Повод дал иеромонах Илиодор. Не плачет — воет по нем веревка. Устроил молебен в Александро-Невском соборе, крестный ход с хоругвями, песнопением. Церкви захлебывались в праздничном колокольном звоне. Весь город вывалил на улицы. Едва протолкался Иван через Соборную площадь. У калитки штаба налетел на Минина.
— Сергей Константинович! Вели преградить путь… Штыками. А Илиодора — к стенке!
— Горяч ты, Кучеренко, не в меру. Плохо знаешь свои законы. Советская власть отделила церковь от государства, но не закрыла ее. Крестный ход — в честь причисленного к лику святых князя Александра Невского. Ни больше, ни меньше.
— Да это же демонстрация, Сергей Константинович… Контрреволюционная демонстрация! Князем прикрылся Илиодор, как банным веником. Глянь на толпу… Кто там?! Сволочь всякая повылазила из щелей. А звон-то! Малиновый, пасхальный… Дураку одному невдомек, что торжества устроены по случаю гибели наших братьев в Ростове. В честь Калединых да Корниловых!
Минин недовольно нахмурился.
— Мне Совет вверил оборону Царицына… Мне и отвечать.
Иван, не сдерживаясь, перешел на шепот:
— Укрываешь, товарищ Минин… Илиодор первое слово скажет по тебе, ступи завтра нога Каледина на эту площадь. В жмурки играть с тобой не станет.
— Берешь много на себя, Кучеренко…
С той поры надоедал Андрюшке Шманову, своему начальнику: отпускай, мол. Отнекивался тот, а вчера сам вызвал:
— Настырный ты, черт, — сдерживая ухмылку, укорял он. — Поезжай.
— А он?
Иван, опускаясь на стул, указал большим пальцем назад, за стенку — имел в виду Минина.
— Дал добро. Но ты не сияй. Не насовсем. В Великокняжеской готовится окружной съезд. Ты предстанешь там от Царицынской парторганизации. Вот бумажка. Добирайся на чем сможешь, хоть пешком.

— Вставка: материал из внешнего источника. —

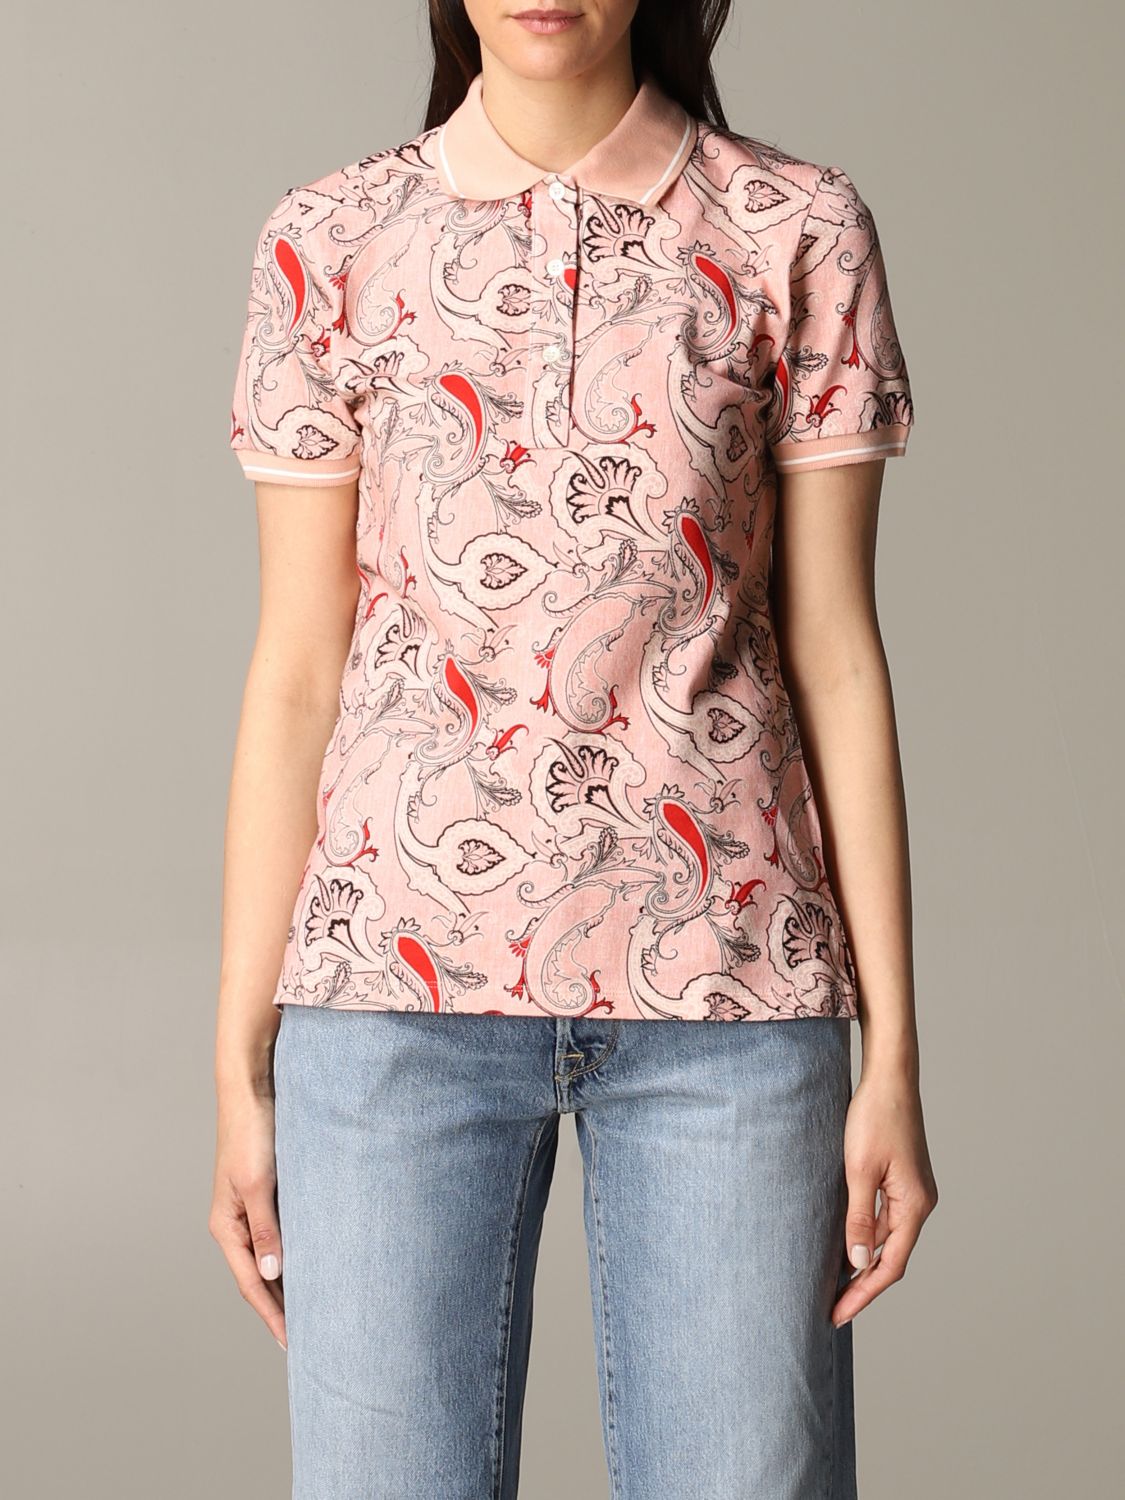 womens patterned polo shirts

После завтрака, простившись с родичами, Иван едва не бегом заспешил к вокзалу.
ГЛАВА ПЯТАЯ
Морозным вечером переступил порог своей хаты вахмистр Борис Думенко. Вошел без стука. В печке жарко горели кизяки. Зево заслонкой не прикрыто — бился на беленой стенке отблеск огня. Проход в горенку, между печкой и шкафом, темнел тревожно, подкрашенный горячим светом.

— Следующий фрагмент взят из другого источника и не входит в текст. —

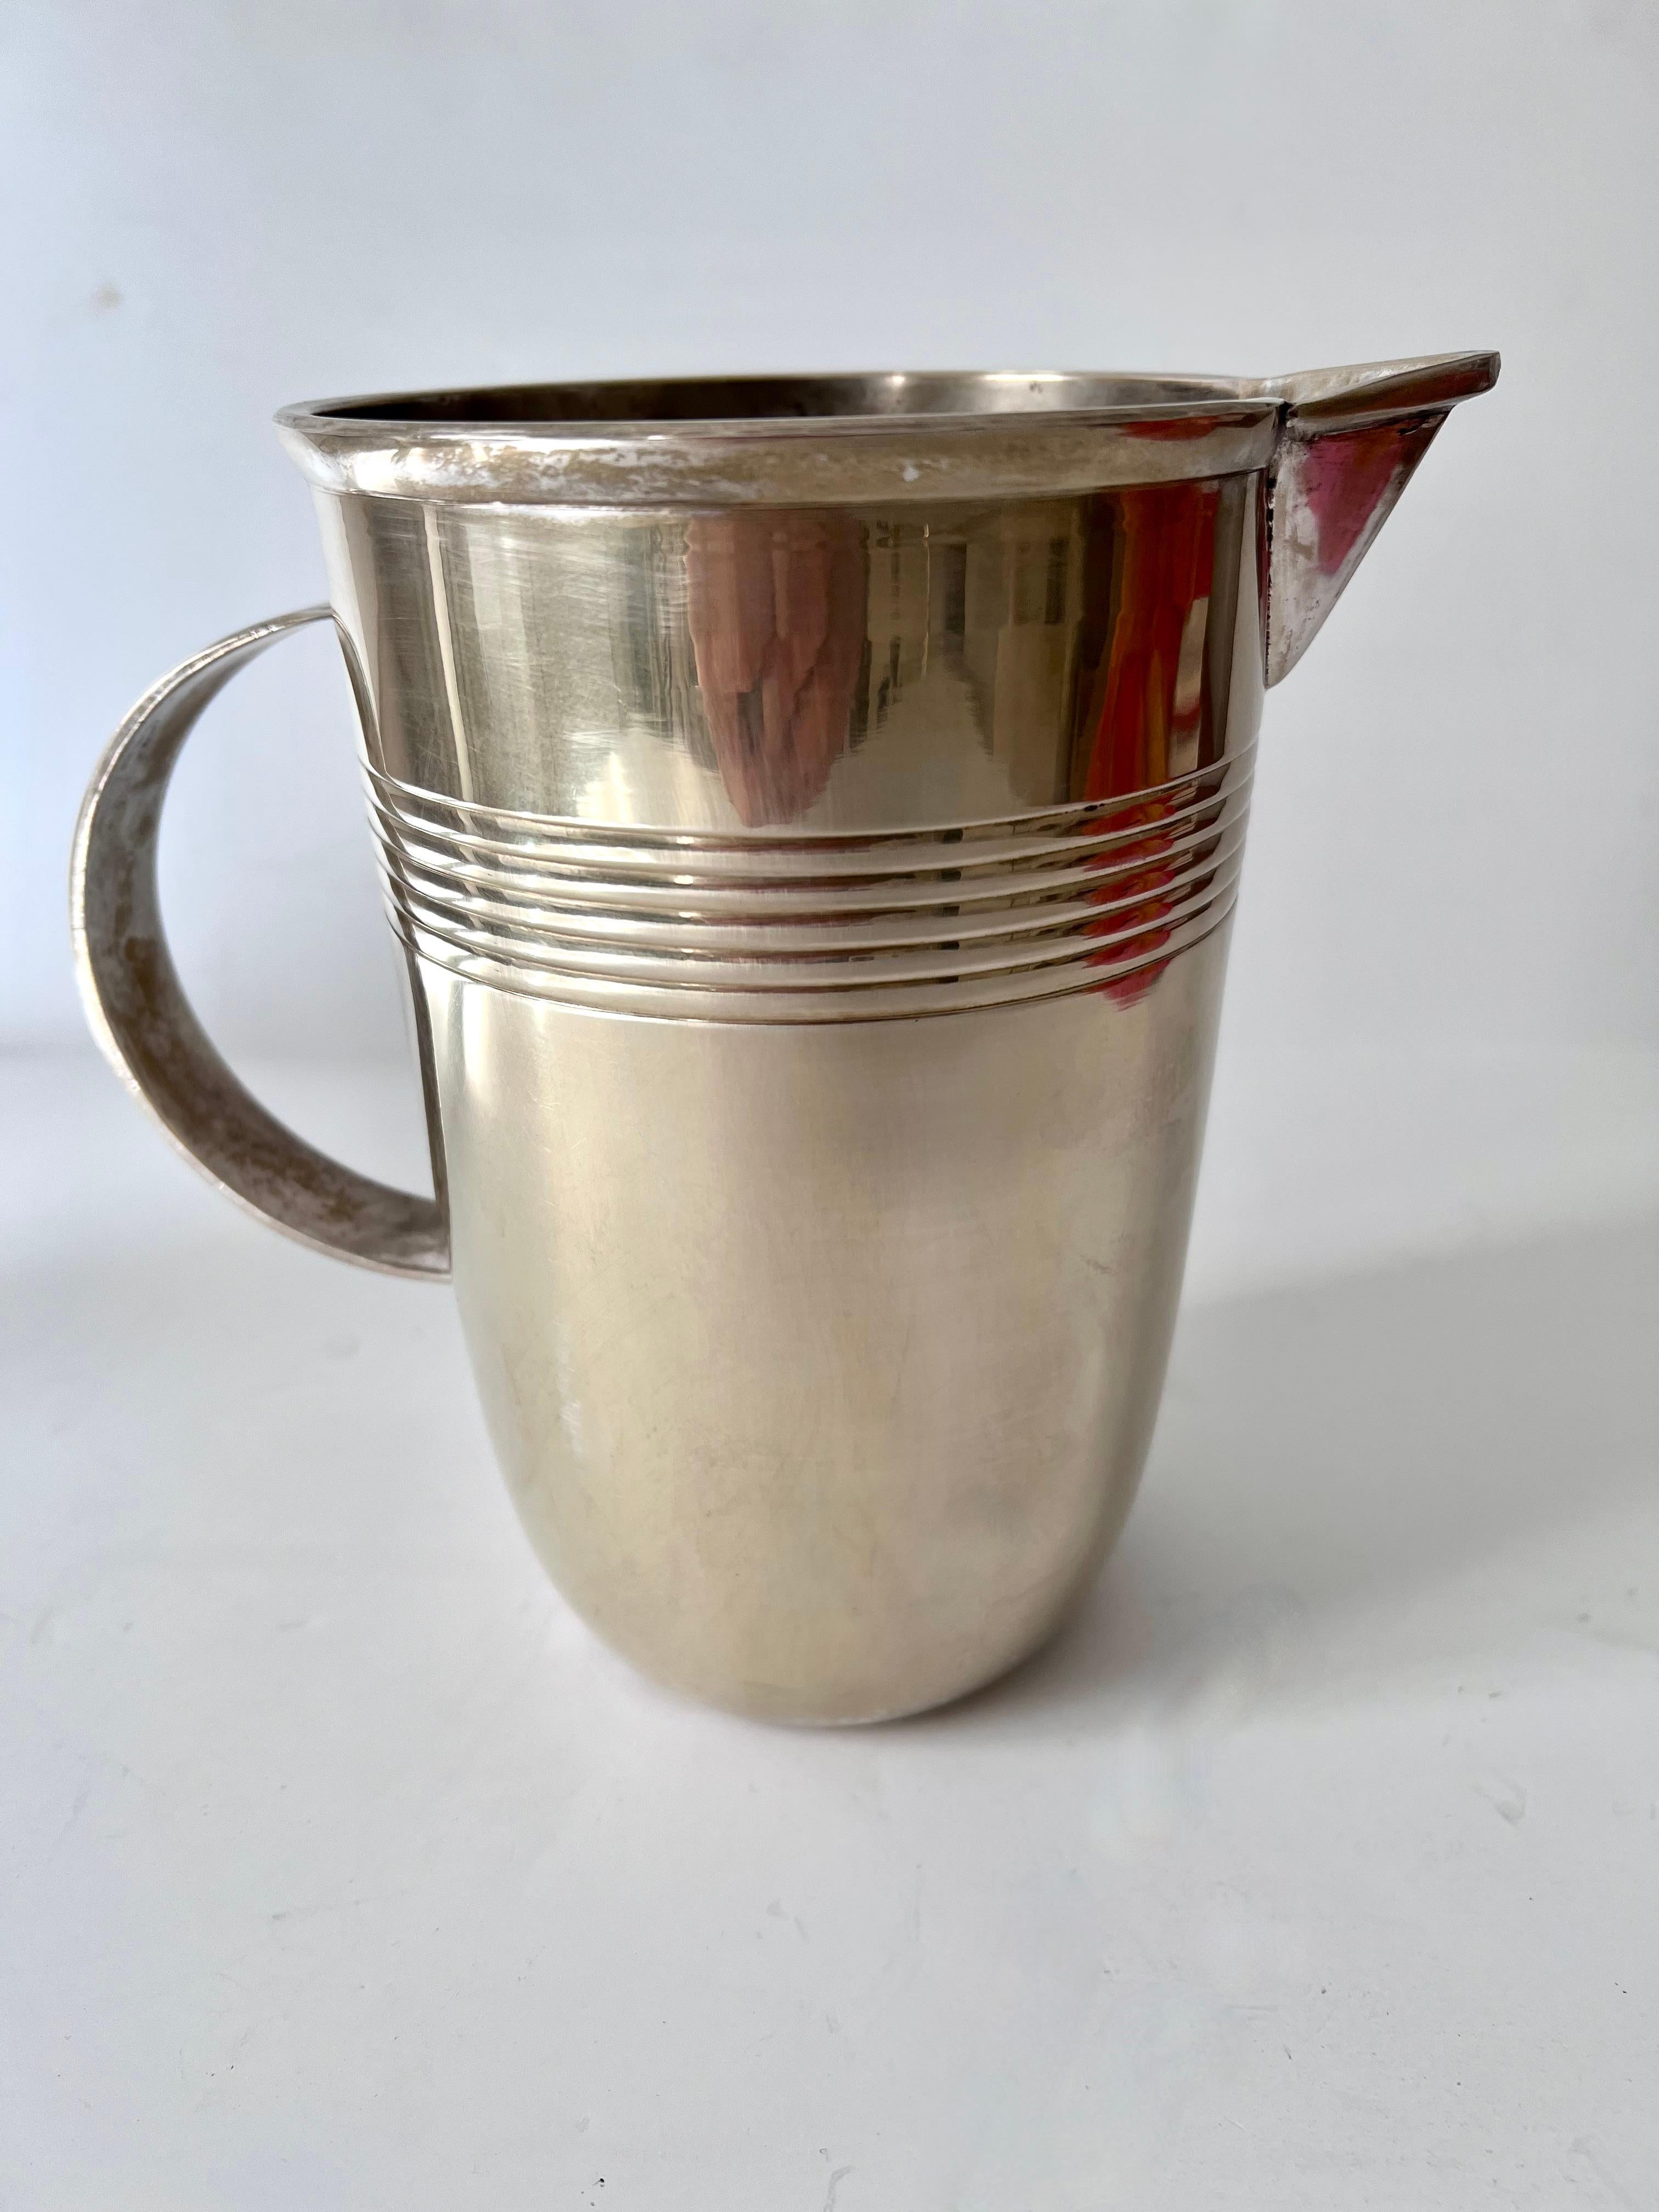 Acquired in Paris France, an early 20th century cocktail pitcher or Juice Pitcher. A Beautifully moderne design that compliments any bar or cocktail station. A lovely piece with Art Deco details.

Глядя в него, служивый спросил хриплым, перехваченным от волнения голосом:
— В хате… есть кто?
В горенке, слышно, кто-то сполз с лежанки.
Винтовку отставил в угол, шашку и вещмешок сложил на стол. Нетерпеливо рвал крючки на шинели.
Из-за печки высунулась беловолосая голова. Красные блики мерцали в распахнутых глазах.
Борис, расставив руки, вышел на свет, нарочно показывая себя.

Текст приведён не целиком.